Simple but Powerful Pratt Parsing › BNF [#264]

语法分析理论的顶峰在于发现将线性结构解码为树状结构的上下文无关文法表示法(通常使用 BNF 具体语法):
The pinnacle of syntactic analysis theory is discovering the context free grammar notation (often using BNF concrete syntax) for decoding linear structures into trees:

Item ::=
    StructItem
  | EnumItem
  | ...

StructItem ::=
    'struct' Name '{' FieldList '}'

...

我记得我当时对这个想法非常着迷,特别是它与自然语言句子结构的相似之处。然而,当我们开始描述表达式时,我的乐观情绪很快就消失了。
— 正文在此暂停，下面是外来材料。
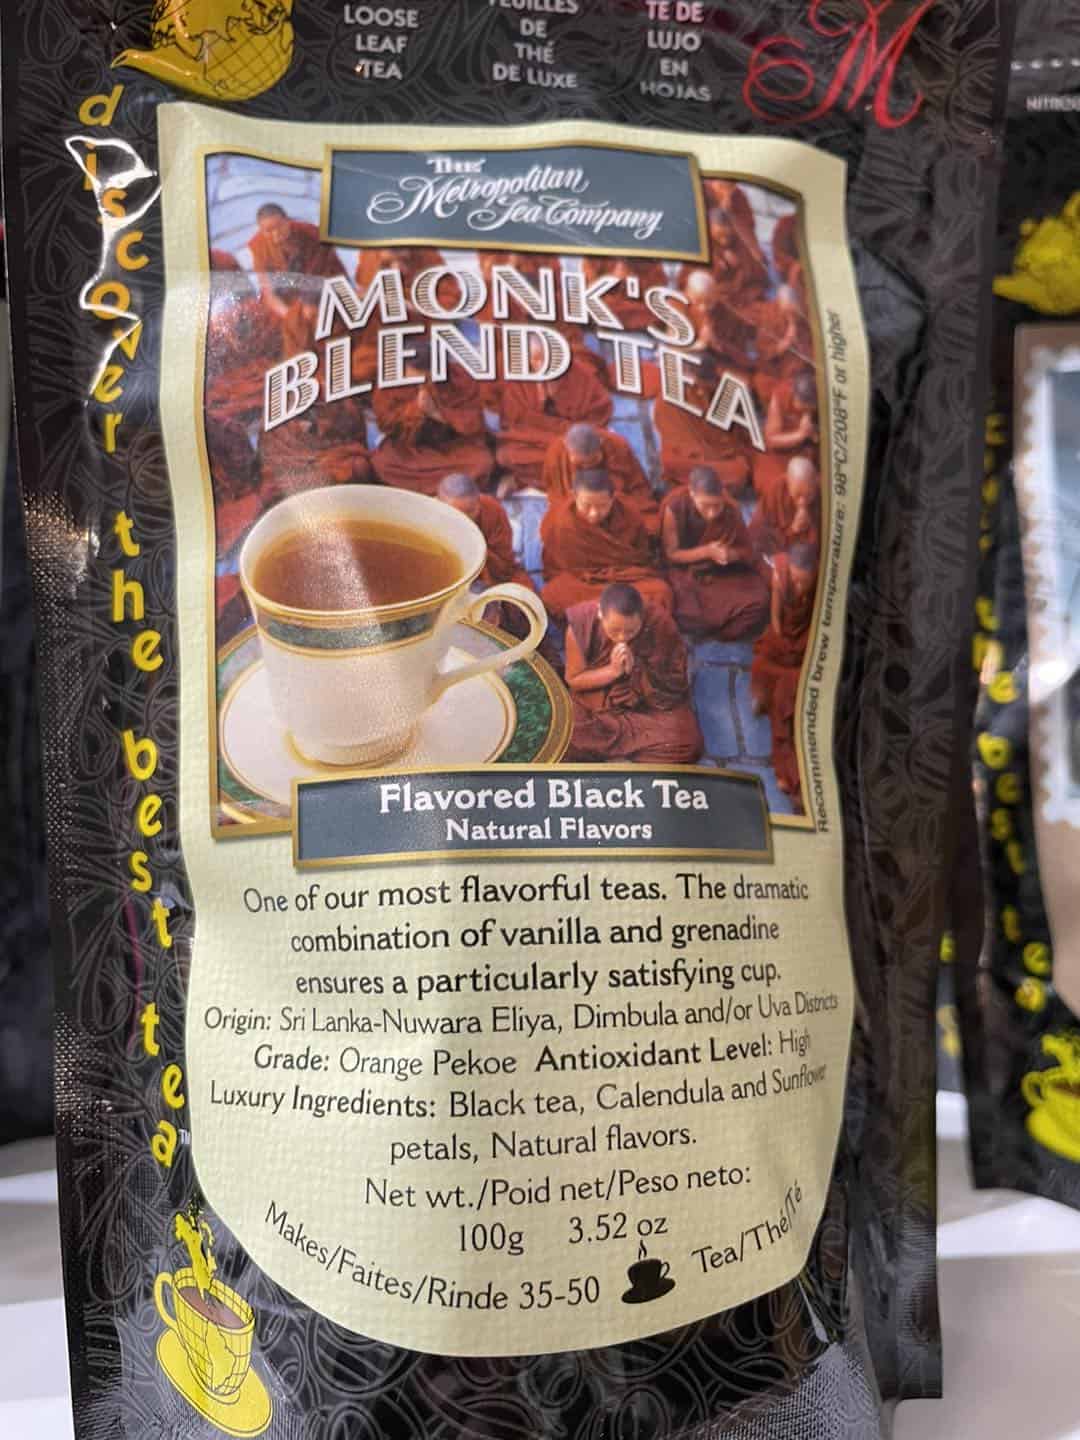 Monk's Blend

自然表达式文法确实可以让人们看出什么是表达式。
I remember being fascinated by this idea, especially by parallels with natural language sentence structure. However, my optimism quickly waned once we got to describing expressions. The natural expression grammar indeed allows one to see what is an expression.

Expr ::=
    Expr '+' Expr
  | Expr '*' Expr
  | '(' Expr ')'
  | 'number'

虽然这种文法看起来很棒,但实际上它是模糊且不精确的,需要重新编写以适用于自动解析器生成。具体来说,我们需要指定操作符的 优先级 ( precedence ) 结合性 ( associativity ) 。修正后的文法如下:
Although this grammar looks great, it is in fact ambiguous and imprecise, and needs to be rewritten to be amendable to automated parser generation. Specifically, we need to specify precedence and associativity of operators. The fixed grammar looks like this:

Expr ::=
    Factor
  | Expr '+' Factor

Factor ::=
    Atom
  | Factor '*' Atom

Atom ::=
    'number'
  | '(' Expr ')'

对我来说,在这种新的表述中,表达式的“形状”完全丢失了。此外,我在学习了三四门形式语言课程后,才能够可靠地自己创建这种文法。
To me, the “shape” of expressions feels completely lost in this new formulation. Moreover, it took me three or four courses in formal languages before I was able to reliably create this grammar myself.

这就是我为什么喜欢 Pratt 解析⸺它是对递归下降解析算法的改进,使用了优先级和结合性的自然术语来解析表达式,而不是文法混淆技术。
And that’s why I love Pratt parsing — it is an enhancement of recursive descent parsing algorithm, which uses the natural terminology of precedence and associativity for parsing expressions, instead of grammar obfuscation techniques.